How can we solve this problem?

def generate(self, input_data: str, temperature):
        inputs = self.tokenizer(input_data, return_tensors="pt").to(self.device)
        with torch.no_grad():
            outputs = self.model.generate(
                **inputs,
                max_new_tokens= 4096, #self.max_new_tokens, #1024
                return_dict_in_generate=True,
                output_scores=True,
                output_hidden_states=True,
                temperature=temperature,
                do_sample=True,
                stopping_criteria=None,
                pad_token_id=self.tokenizer.eos_token_id,
            )
        
        full_answer = self.tokenizer.decode(
            outputs.sequences[0], skip_special_tokens=False)

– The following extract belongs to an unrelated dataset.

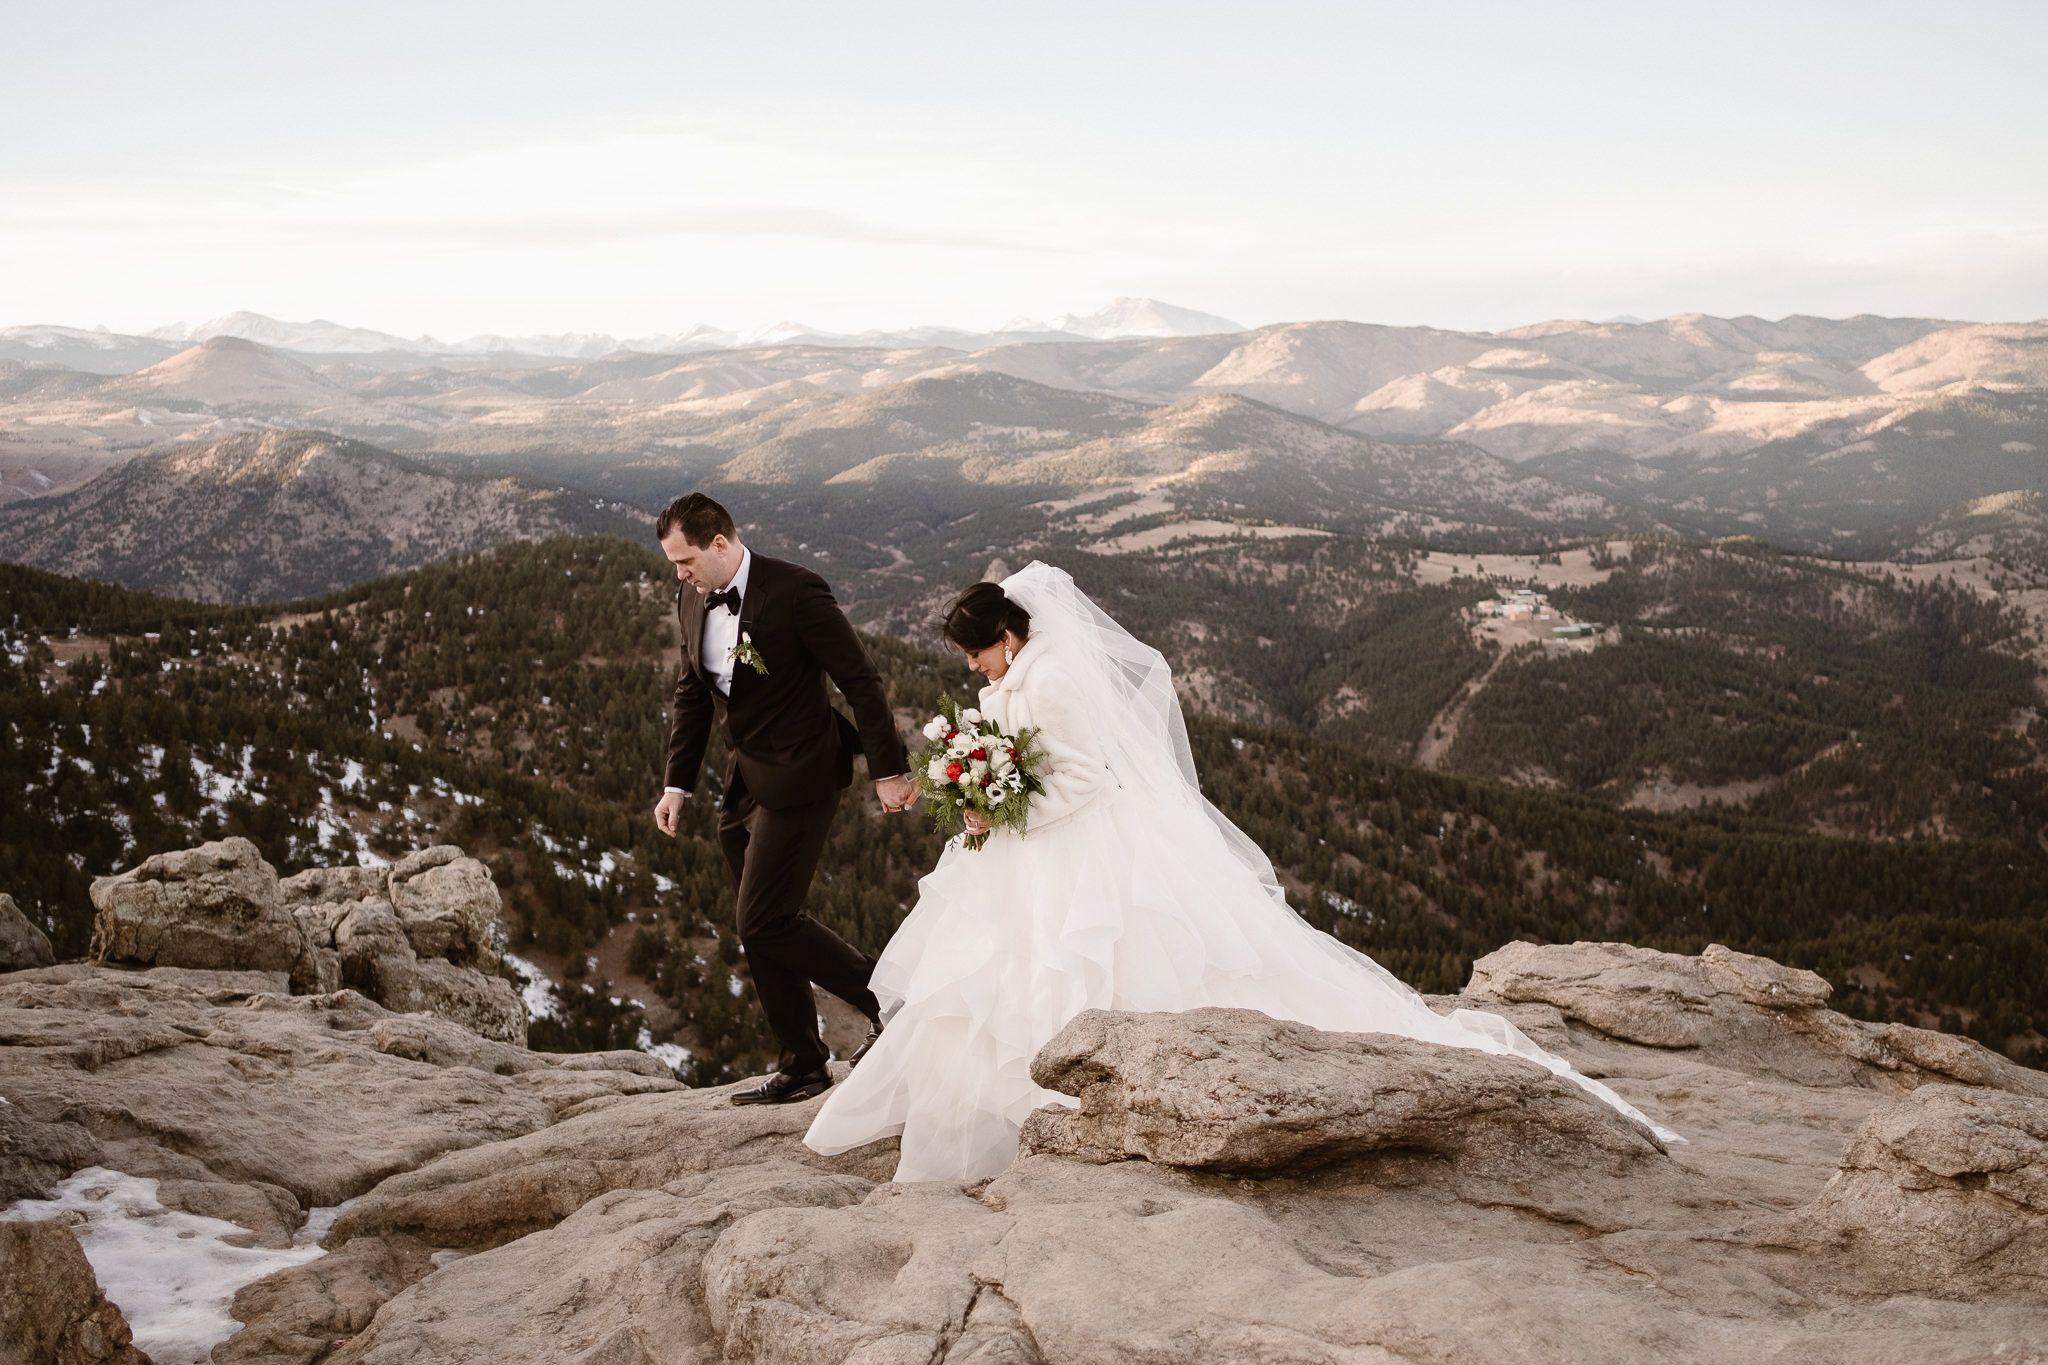 St Julien Wedding Ceremony And Flagstaff House Reception In Boulder Colorado Wedding Photographer Colorado Winter Wedding Museum Wedding Venues

To run generation, i’d suggest looking here: optimum-habana/examples/text-generation at main · huggingface/optimum-habana · GitHub

specifically we pass in a generation_config that makes the run optimal for HPU:

You can put a breakpount/pdb before this line and checkout generation_config when running a command like:

PT_ENABLE_INT64_SUPPORT=1 python run_generation.py --model_name_or_path meta-llama/Llama-3.1-8B-Instruct --trim_logits --use_kv_cache --attn_softmax_bf16 --bf16 --bucket_internal  --bucket_size=128  --use_flash_attention --flash_attention_recompute --batch_size 16 --max_input_tokens 2048 --max_new_tokens 2048

Also you may need warmup to be more performant (but that shouldnt change accuracy)

Still same issue occurs even I put the generation config.

what settings of generation config did you use?

Hi, can you try one of the below?

  1. Set skip_special_tokens=True at self.tokenizer.decode that will remove all eot_id tokens
  2. add ignore_eos=True, and lazy_mode=True at self.model.generate, this would remove all eot_id tokens and performance is better.